- [YOUR INSTRUCTIONS]
Return the full listing unchanged, excluding any images it contains.

- [THE DATA]
BEGIN
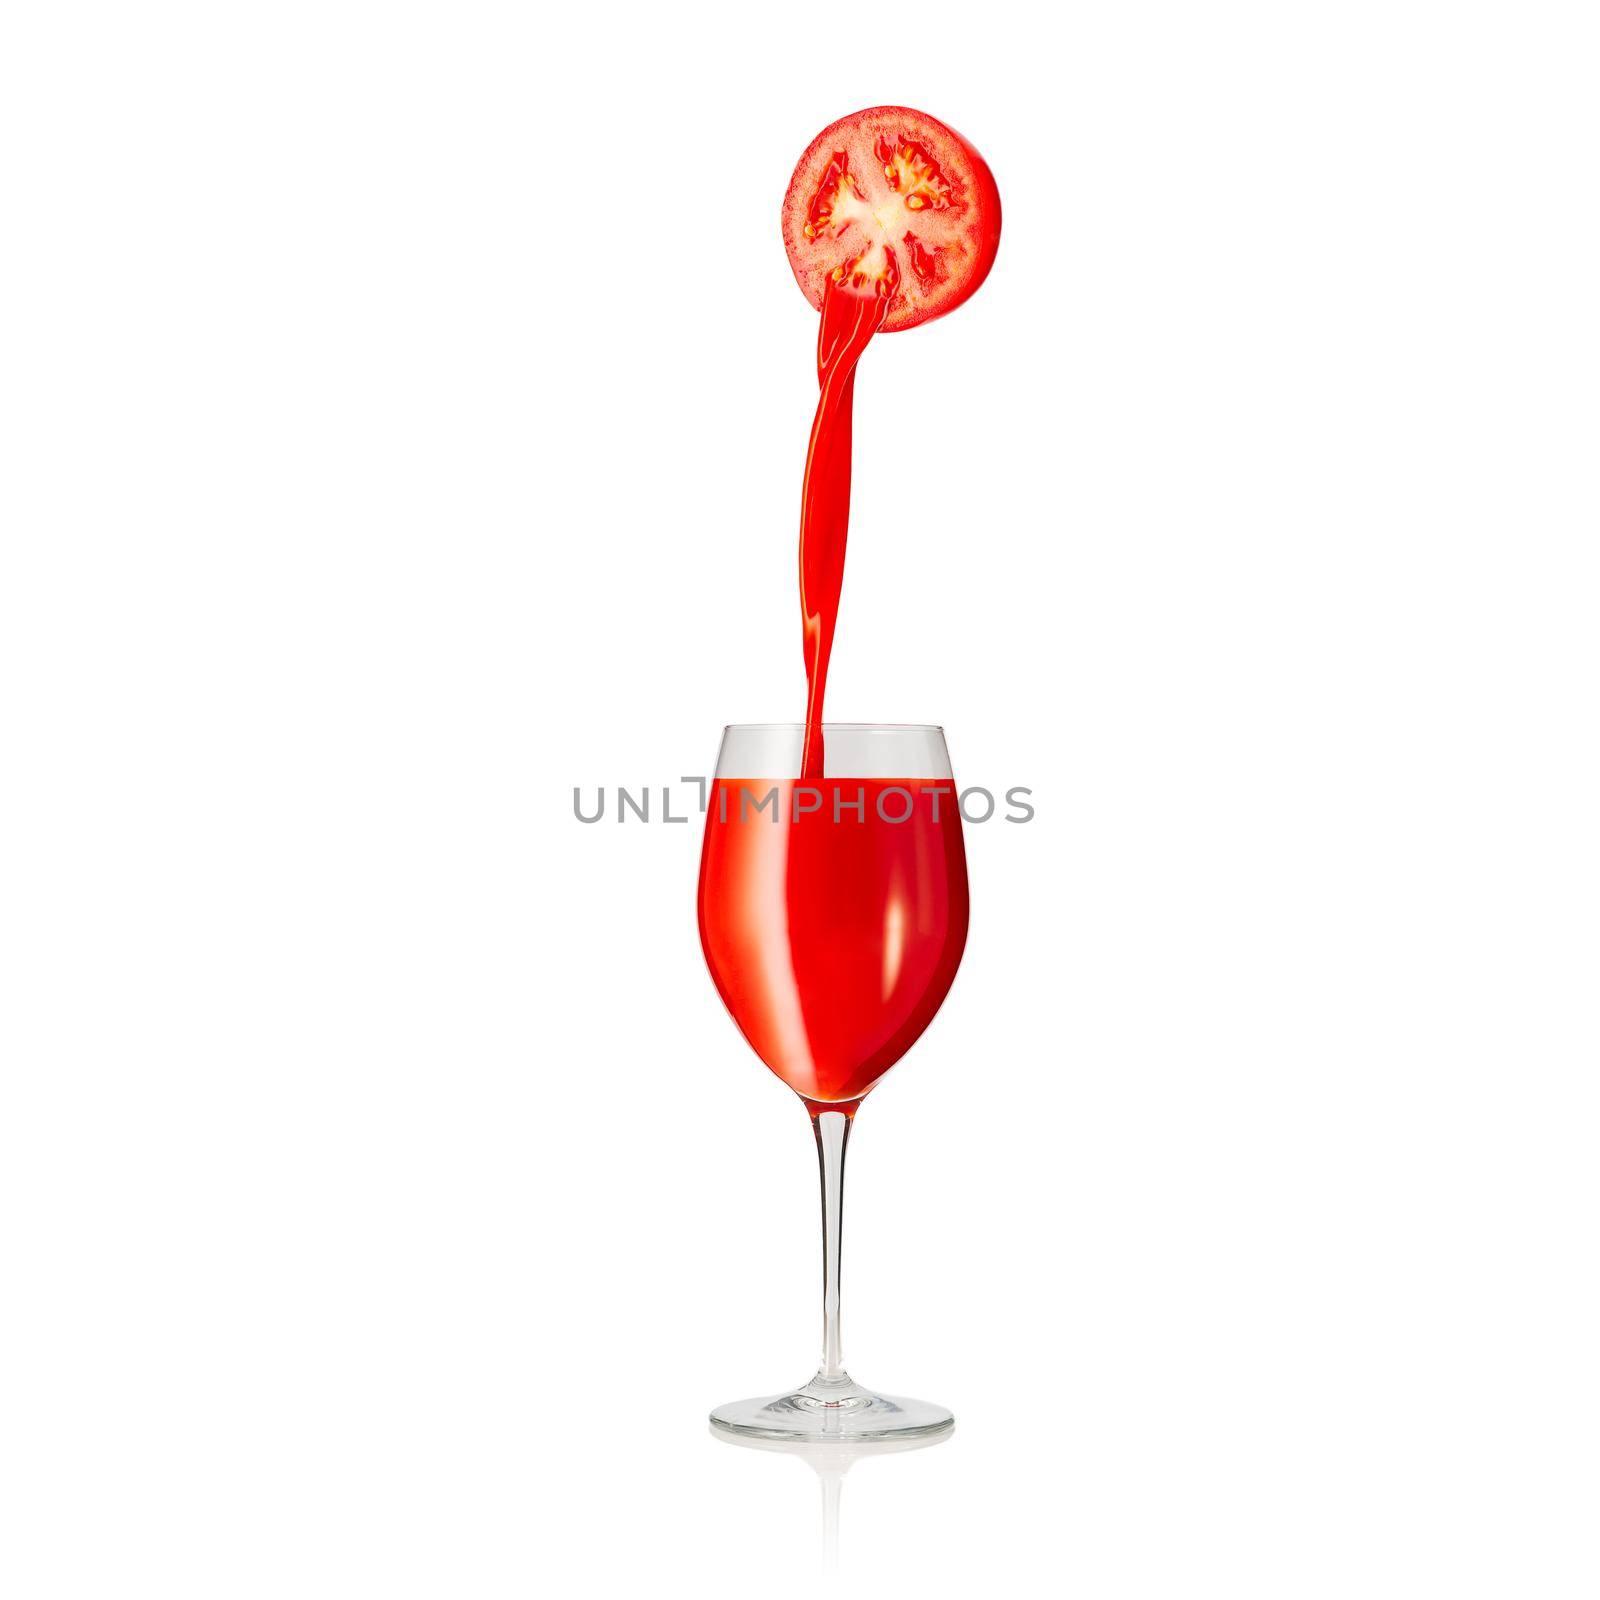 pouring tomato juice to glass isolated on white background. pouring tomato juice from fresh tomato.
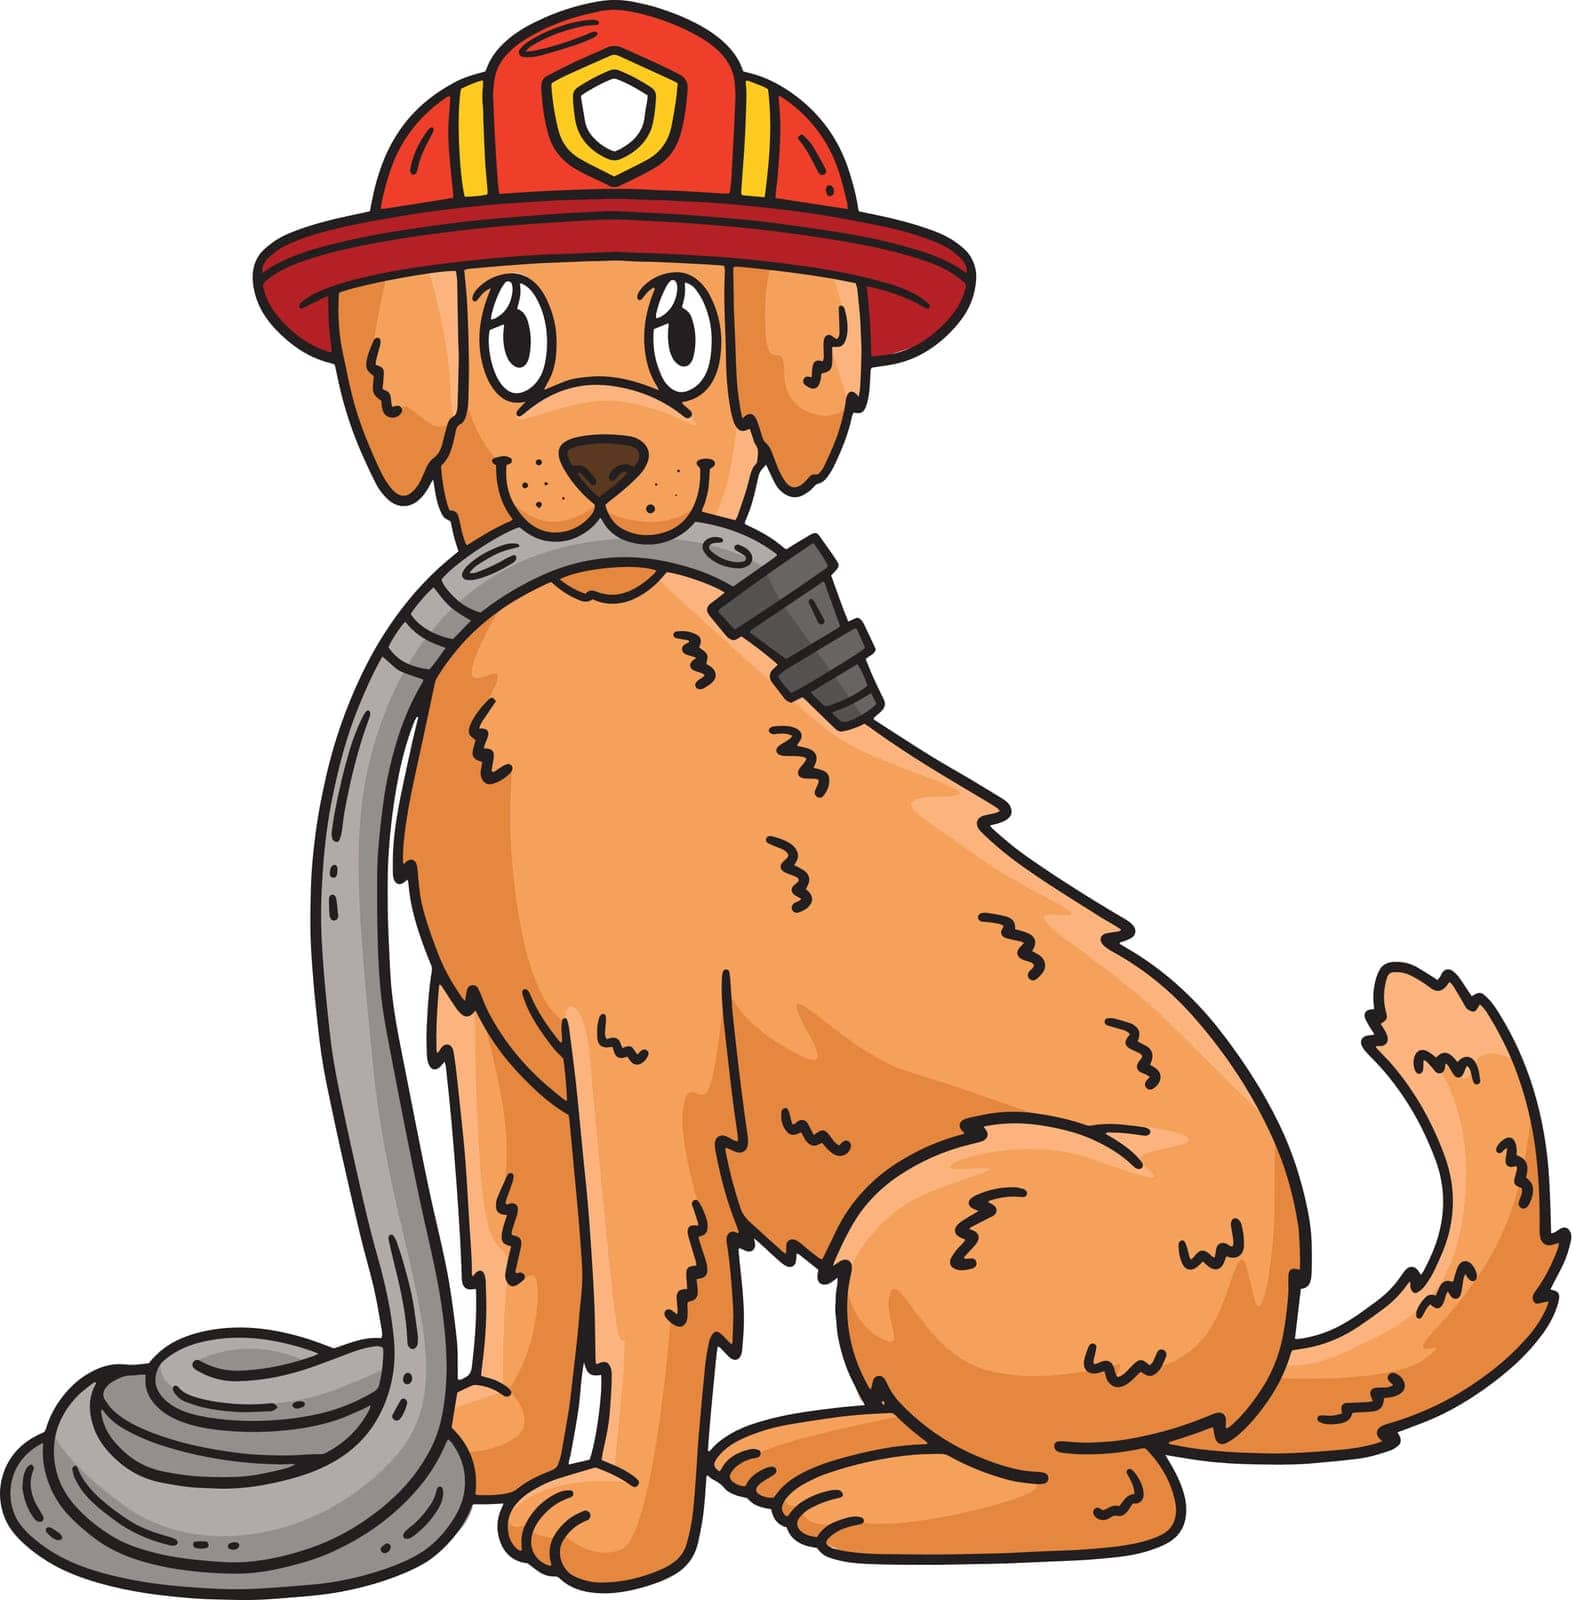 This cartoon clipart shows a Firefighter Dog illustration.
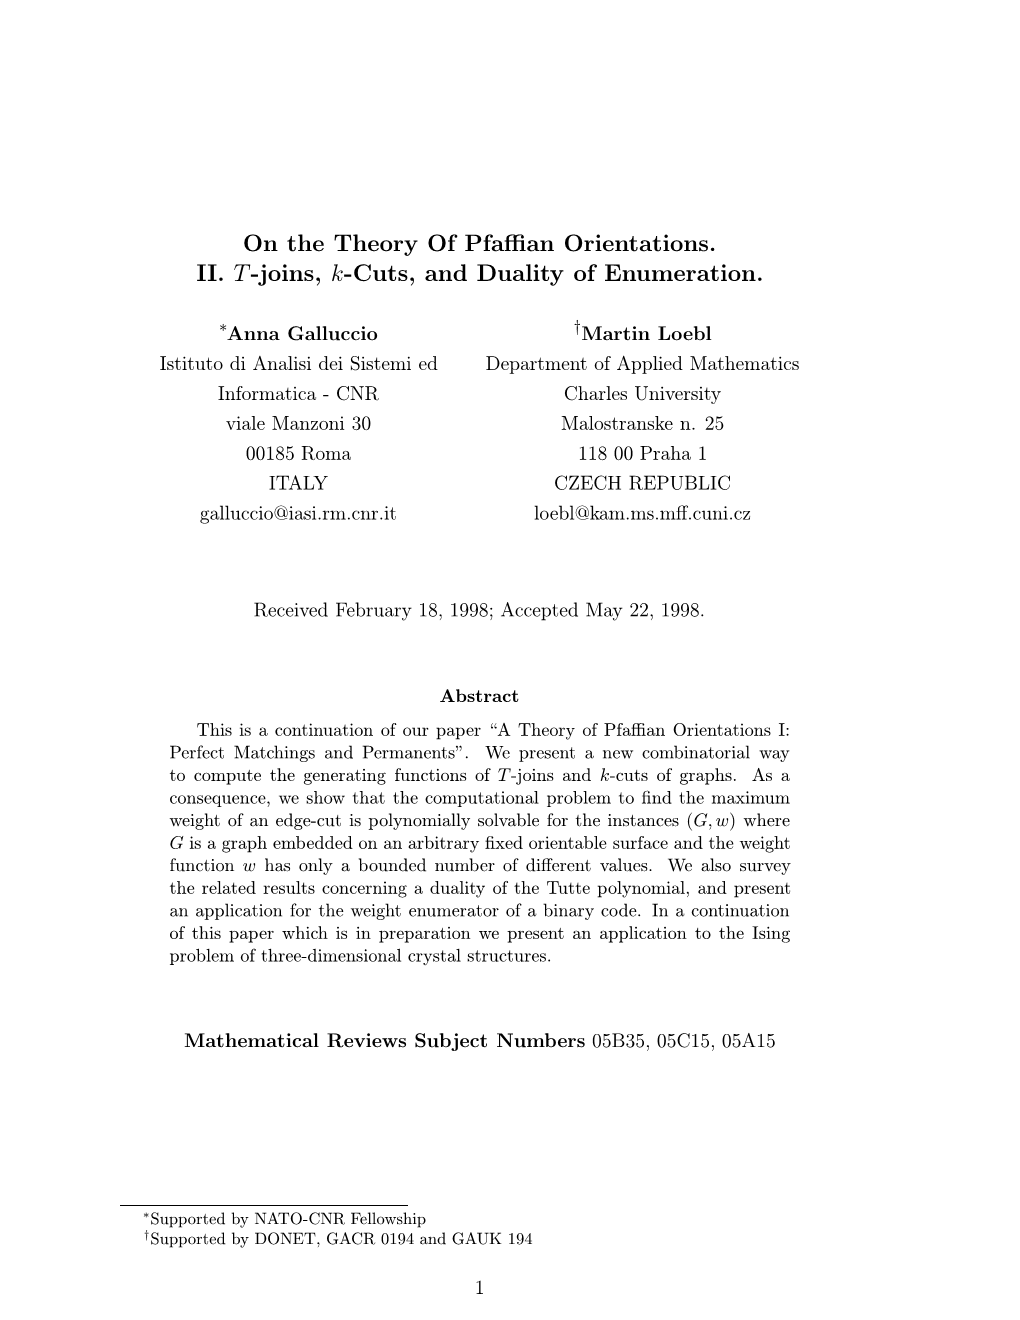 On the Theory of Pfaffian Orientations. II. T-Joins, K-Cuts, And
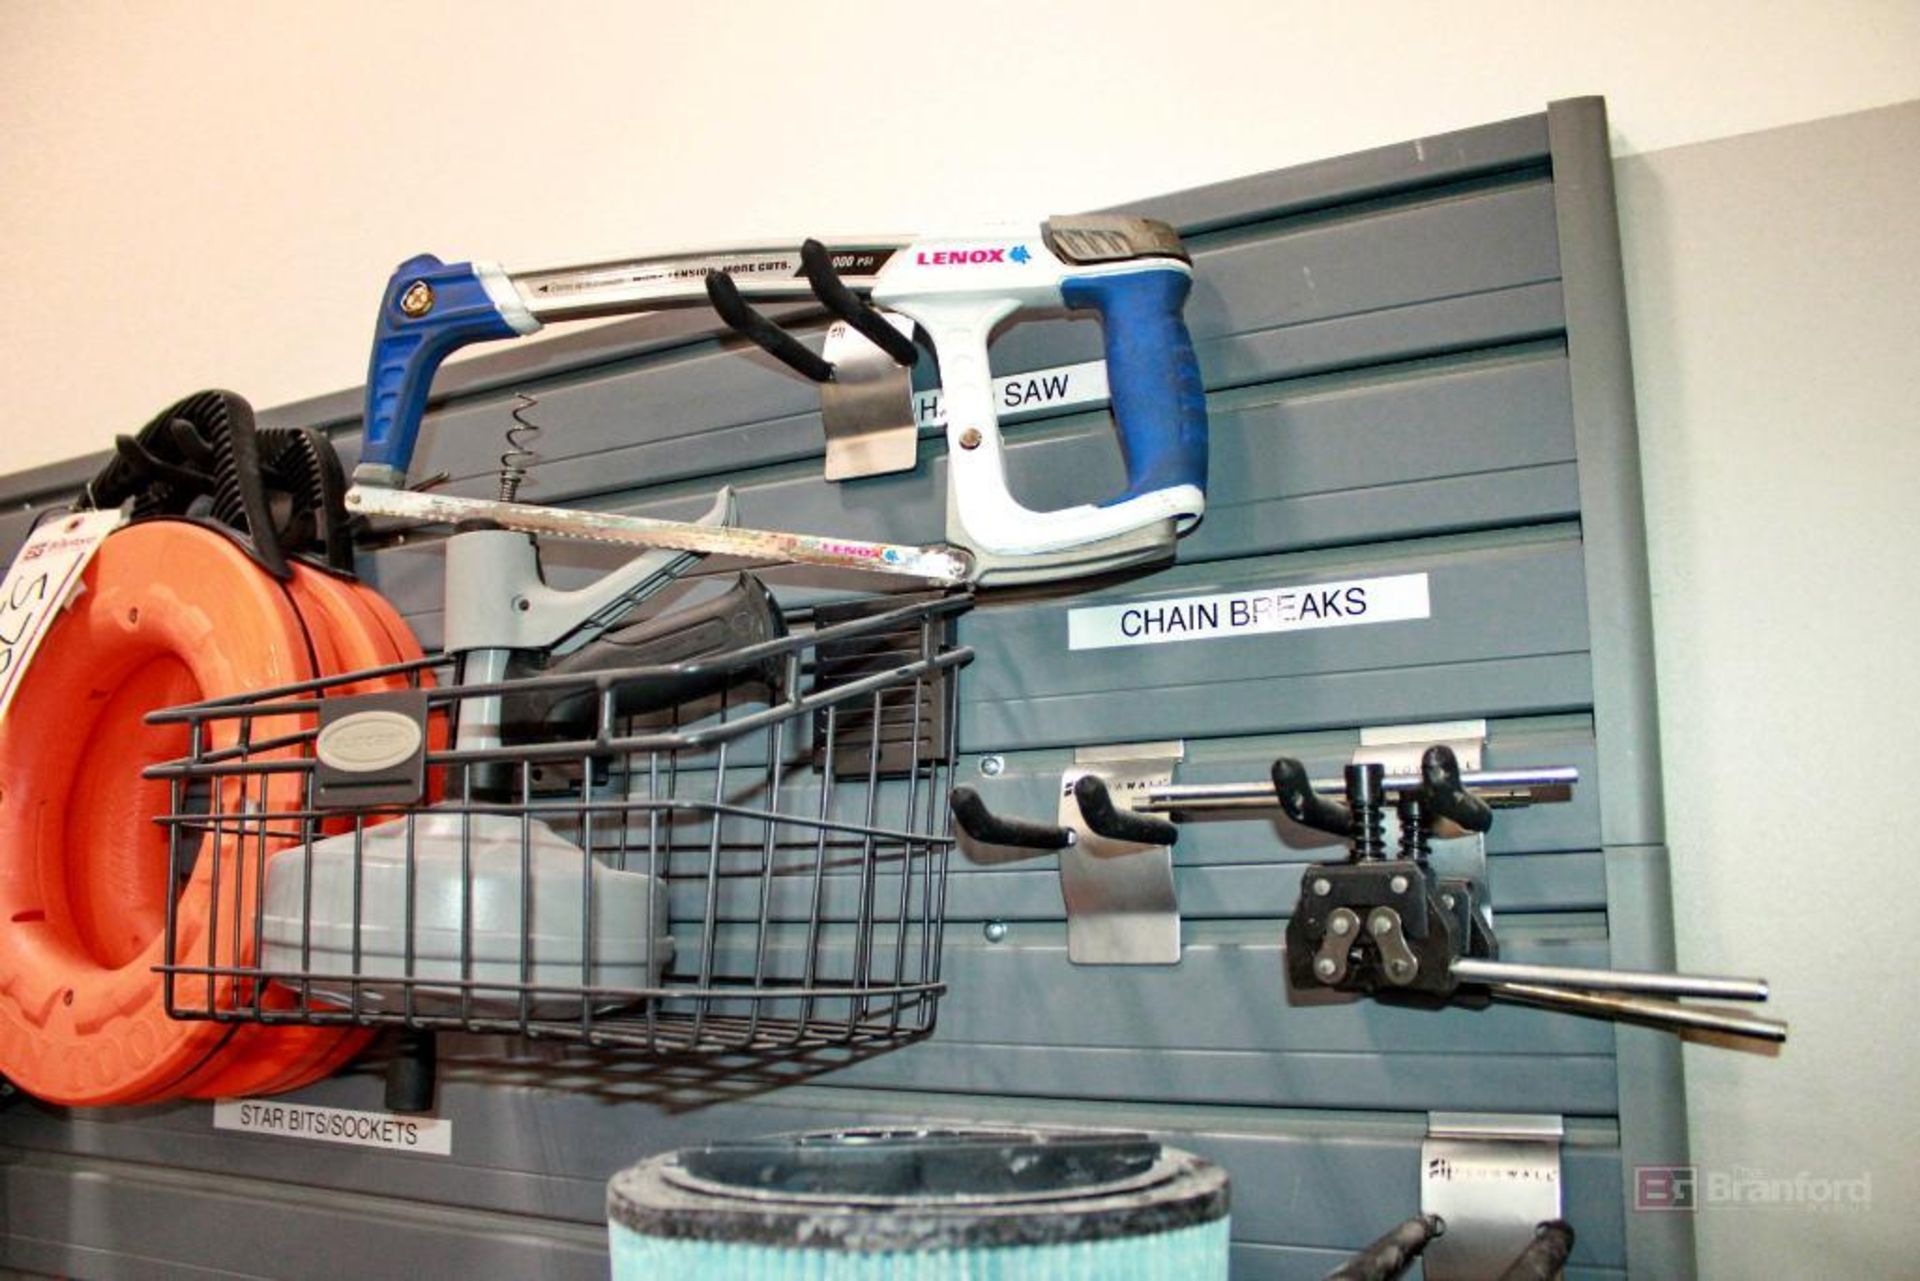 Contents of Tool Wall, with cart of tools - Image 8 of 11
END
- [RESULT OF THE EXERCISE]
 pouring tomato juice to glass isolated on white background. pouring tomato juice from fresh tomato.
 This cartoon clipart shows a Firefighter Dog illustration.
 On the Theory of Pfaffian Orientations. II. T-Joins, K-Cuts, And
 Contents of Tool Wall, with cart of tools - Image 8 of 11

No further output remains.